The beautiful (green) land of Geodia

Geodia is a magical land that is held together by the Sparklite, the life force of both the world and its inhabitants. The glowing blue crystals which form can be used as rechargeable power sources for all who live here, delivering low-level energy to those who need it. However, the evil Baron has formed a plan to harness all of the Sparklite energy so that he can use it to fuel his war machines as he works towards his ultimate goal of becoming all-powerful. However, the world is aware of his intentions and enables its self-defence mechanism, the ability to rearrange the world in an effort to slow down his progress of syphoning out all of the magical resources. 

Flying high above Geodia we find Ada, a young mechanical genius, and her floating robotic sidekick, casually passing by until tragedy strikes – the shuffling causes creatures to invade your ship which leaves you no choice but to take the escape pod into the unknown below. Once there you meet up with a few of the inhabitants who save you and welcome you into their own floating isle, high above the self-protecting planet below. You agree to help them as you set out on a mighty adventure to seek out new allies, farm as much Sparklite as you can, destroy every hostile creature below, and rid the world of the evil Baron. 


You’ll find yourself traversing through five distinct biomes as you encounter new enemies, face fierce bosses, unlock new gear, and seek out a bunch of missing musical mini-monsters. Also, just as a wise old guy once told another perky adventurer, it’s dangerous to go alone – as such, the game is also playable in local co-op should you have someone with you who wants to play along…

Sparklite 2

Once saved, this guy will give you a free item before every drop.

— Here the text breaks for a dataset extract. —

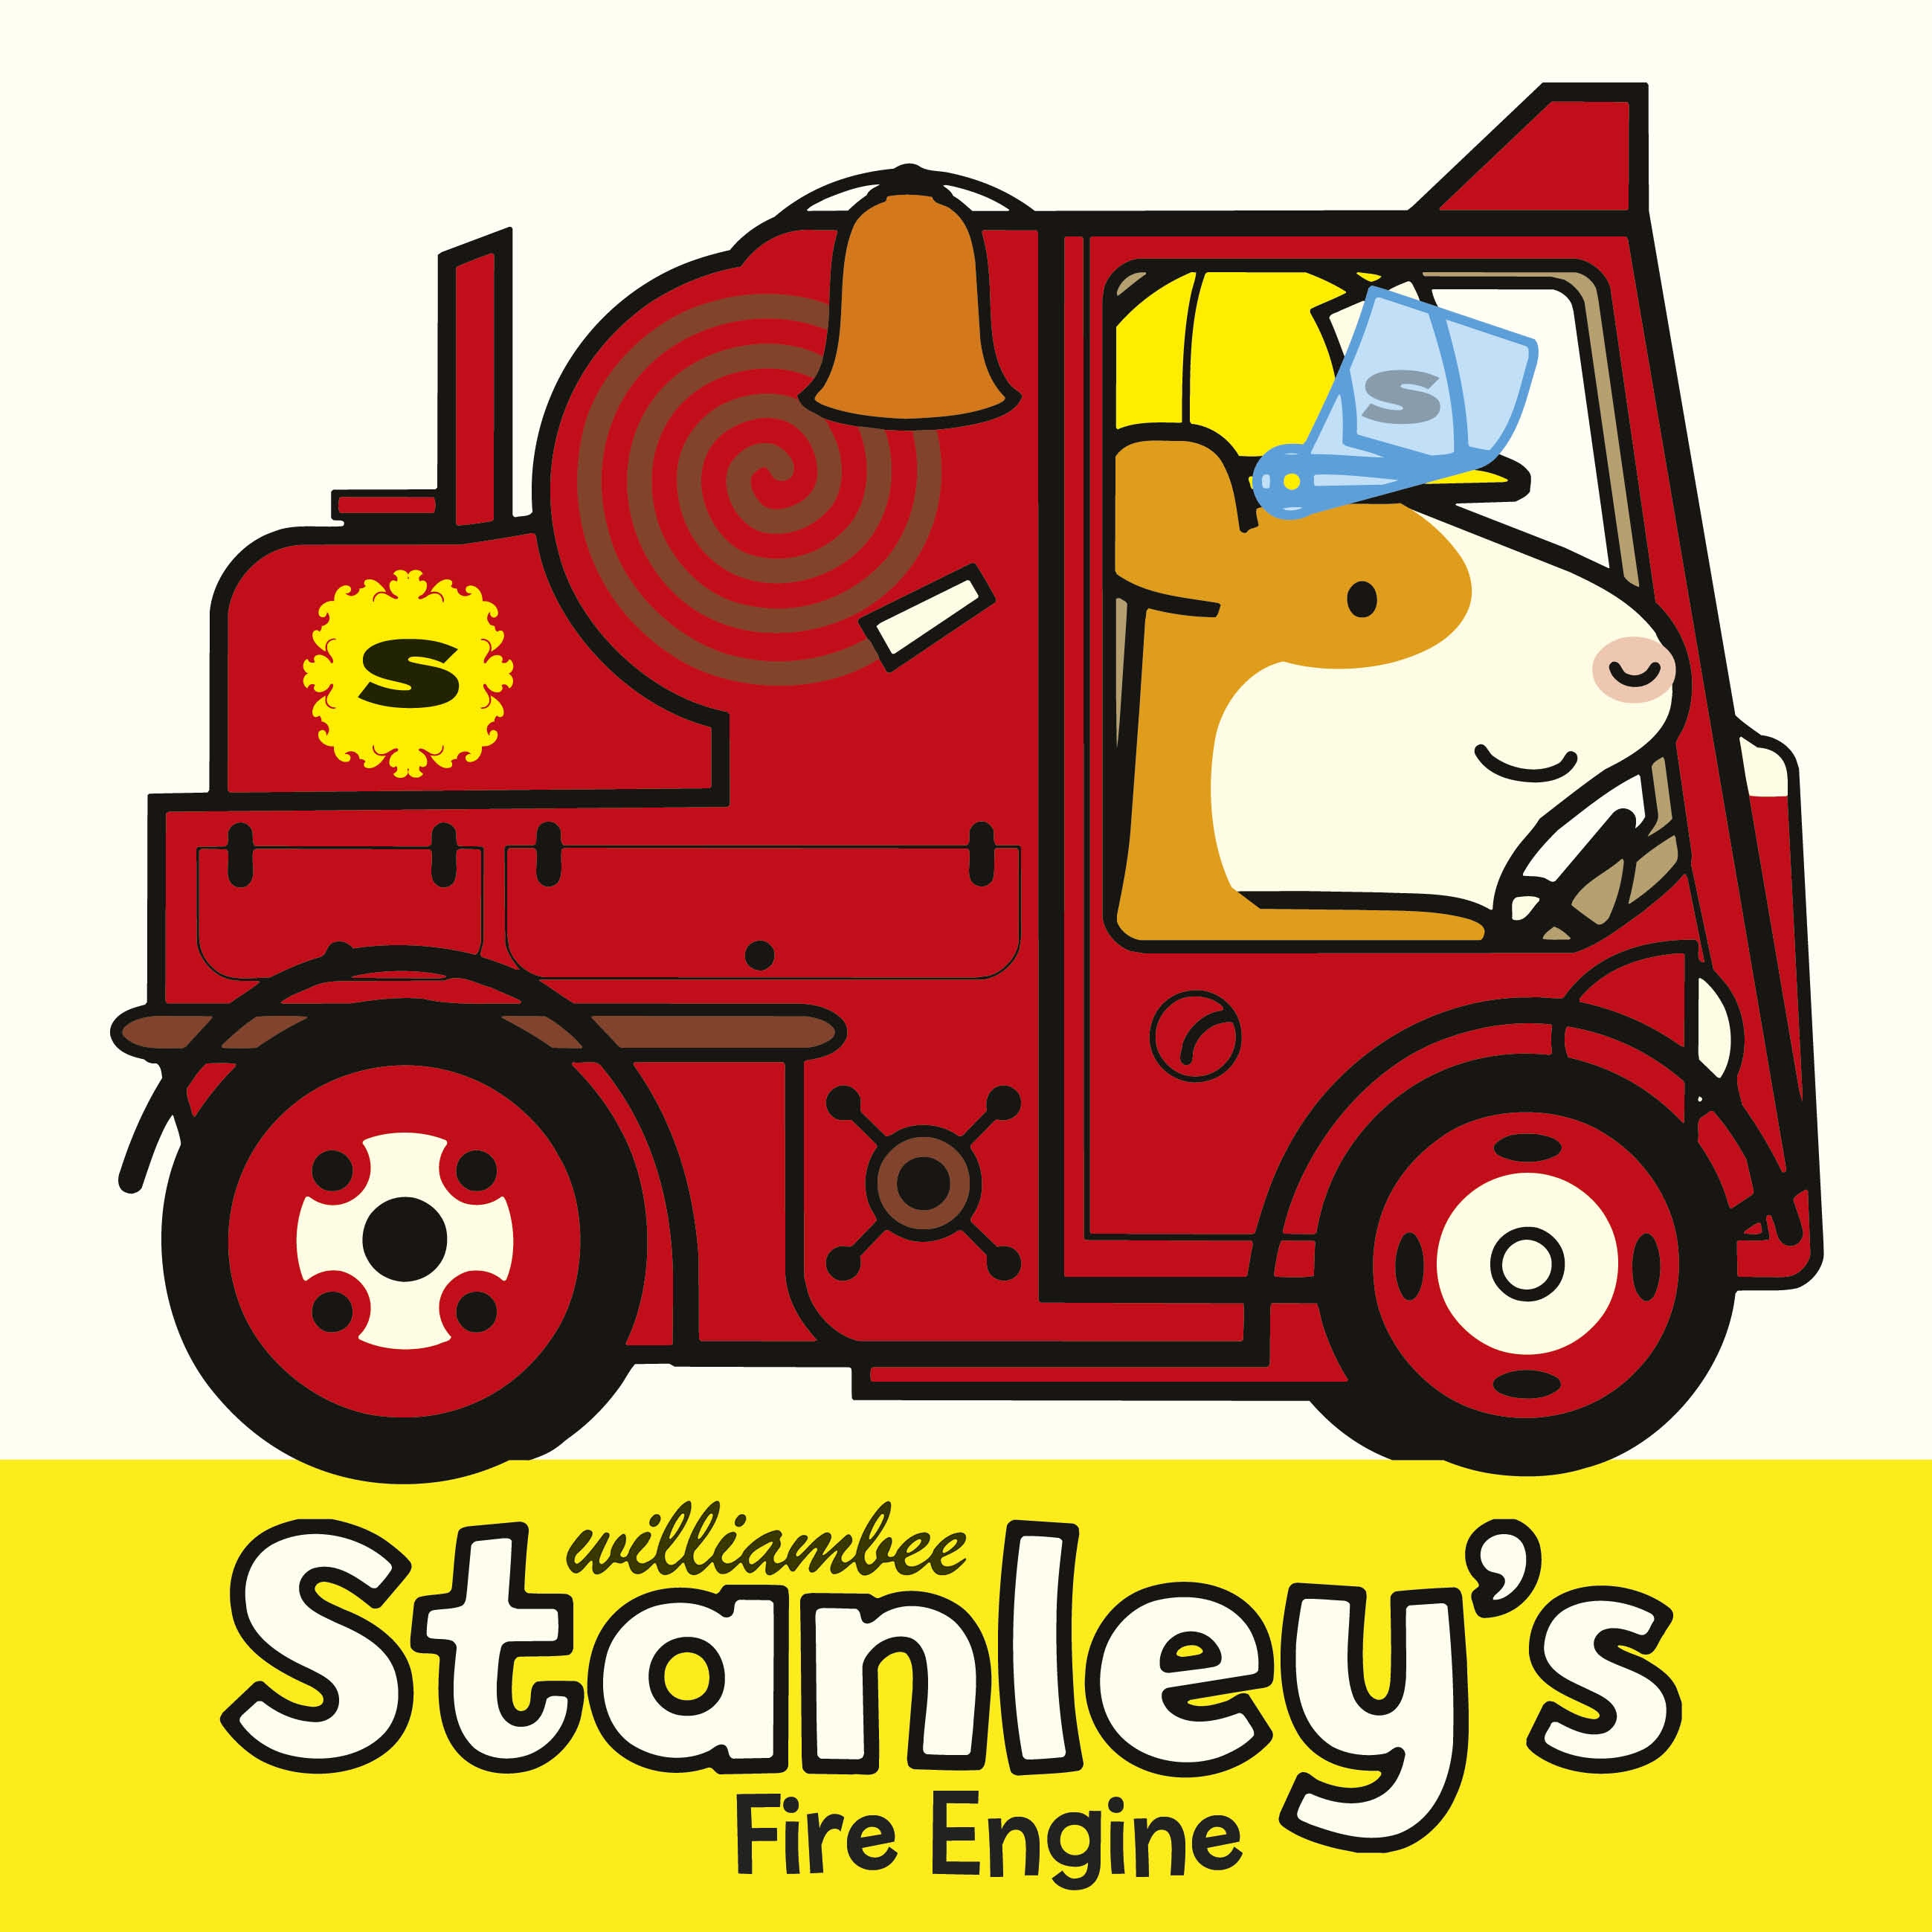 Book “Stanley's Fire Engine” by William Bee — September 3, 2020

Sparklite is technically a top-down Metroidvania-roguelike game, it’s all about going down to the procedurally generated world, making it as far as you can before you die whilst collecting as much Sparklite as you can, then using whatever you collected on unlocking new abilities or weapons before going back down to give it another shot. As such, I always find that these games start off rather slow, you’ll die quite a bit at first whilst trying to survive with only a few health hearts and a weak attack. However, the whole concept is very addictive and you won’t want to stop playing as you’ll gradually increase your stats via the use of items you find, buy or combine.

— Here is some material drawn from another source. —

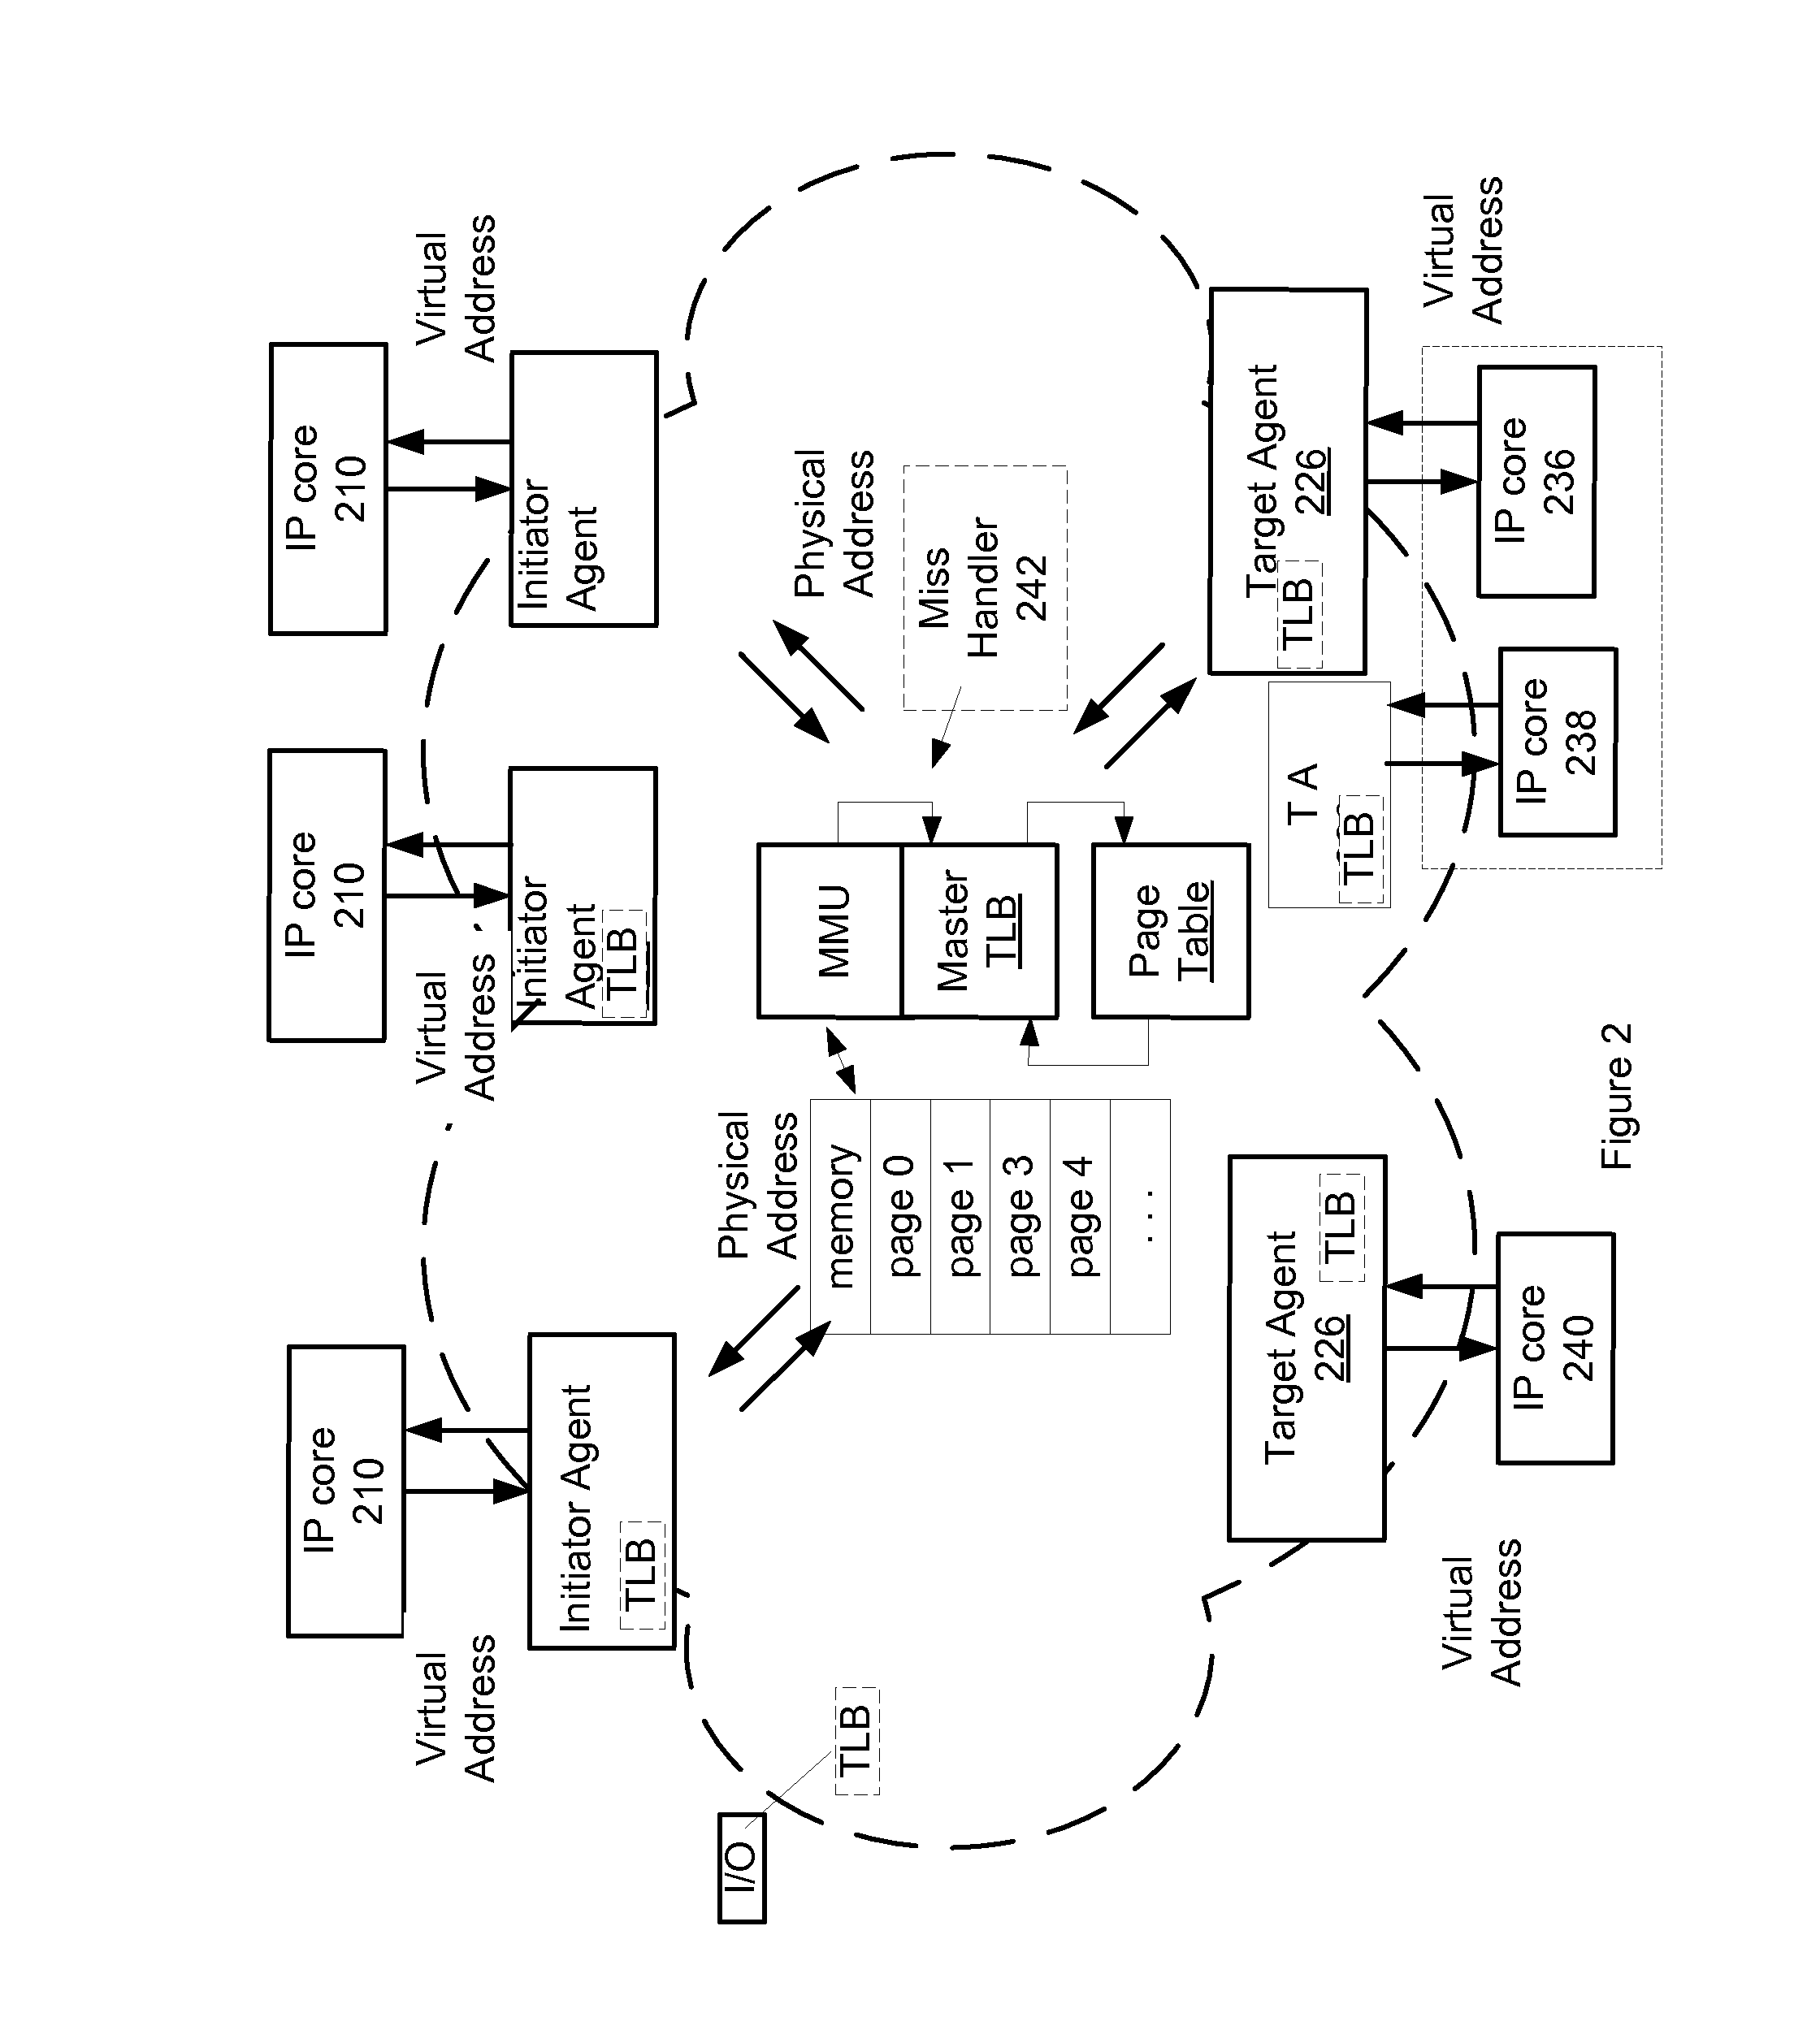 Methods and apparatus for virtualization in an integrated circuit

Also, whilst you’re off on your adventure, you’ll find new and interesting people such as a guy giving you free items, a fellow mechanic, two people who always seem to get lost, and even a floating guy who has an obsession with racing you. All of these will accompany you back at the floating refuge, should you talk to them, offering you new rooms and resources to unlock. For example, once the item guy has returned, he’ll give you one random free item before you start your next run, the mechanic will let you pay to build weapons you’ve used within certain buildings down below, and the professor registers all of the creatures you’ve killed, letting you pick one which you’ll instantly become stronger against. 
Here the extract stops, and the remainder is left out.